Since the first report of the Fontan procedure in 1971, several changes have made (8,9). The Fontan procedure is based upon creating serial circulation in a patient with a single ventricle physiology, exploiting the blood flow through the pulmonary circulation (10). The Fontan procedure may be performed as a single- or a multiple-stage approach, demonstrating a lower mortality and lower risk for ventricular hypertrophy (11). The extracardiac Fontan procedure, involving the use of an extracardiac polytetrafluoroethylene conduit to divert the inferior vena cava flow to the pulmonary arteries, is performed either when the classic Fontan procedure fails or according to the expertise of each center (12). The advantages of the extracardiac procedure are a reduced stasis with a decrease in the risk of thrombus formation, fewer atrial and preserved pulmonary and myocardial function (12).
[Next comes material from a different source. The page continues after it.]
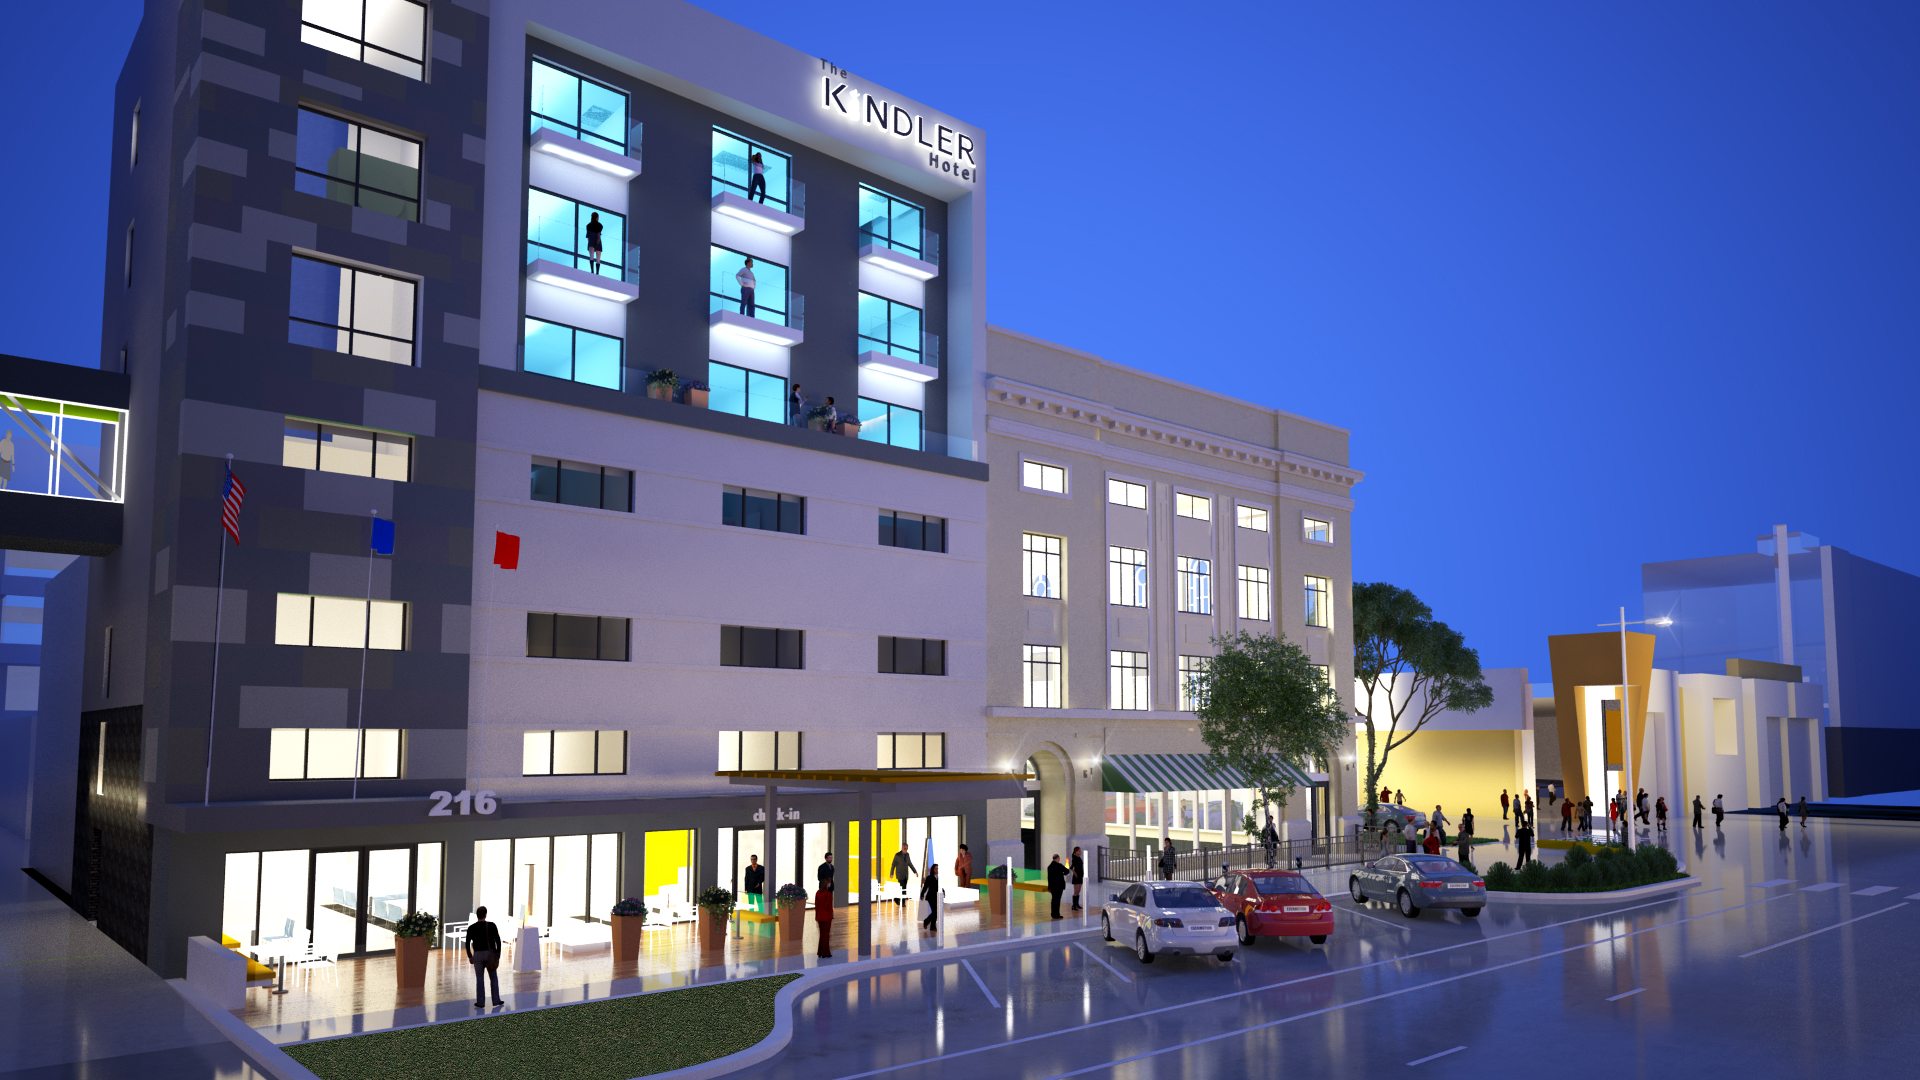 The Kindler Hotel

The present study describes the case of methicillin-sensitive Staphylococcus aureus (MSSA) infection on the prosthetic material following a heart Fontan procedure.
Case report
A 38-year-old woman affected by congenital tricuspid valve atresia, who had undergone a Rashkind procedure (septostomy) at the age of 3 months, a modified Blalock-Taussig shunt at the age of 8 months, and a classic Fontan procedure at the age of 4 years, was admitted to the Infectious Diseases Unit of Garibaldi Hospital (Catania, Italy) in June, 2021 after being diagnosed with an infection of an extracardiac prosthesis. Following the classic Fontan procedure, the patient had lived in a state of wellness until 2013 when, after giving birth, developed heart failure and deep vein thrombosis. Subsequently, the patient therefore underwent her last surgery, an extracardiac Fontan procedure with a right Gore-tex™ 22 Maze® (W. L. Gore & Associates, Inc.) and the implant of epicardial catheters, in 2017 at the San Donato Hospital (Milan, Italy). The post-operative course was complicated by a long period of subsequent pleural and atrial arrhythmias, resistant to amiodarone treatment. Therefore, catheter ablation was performed.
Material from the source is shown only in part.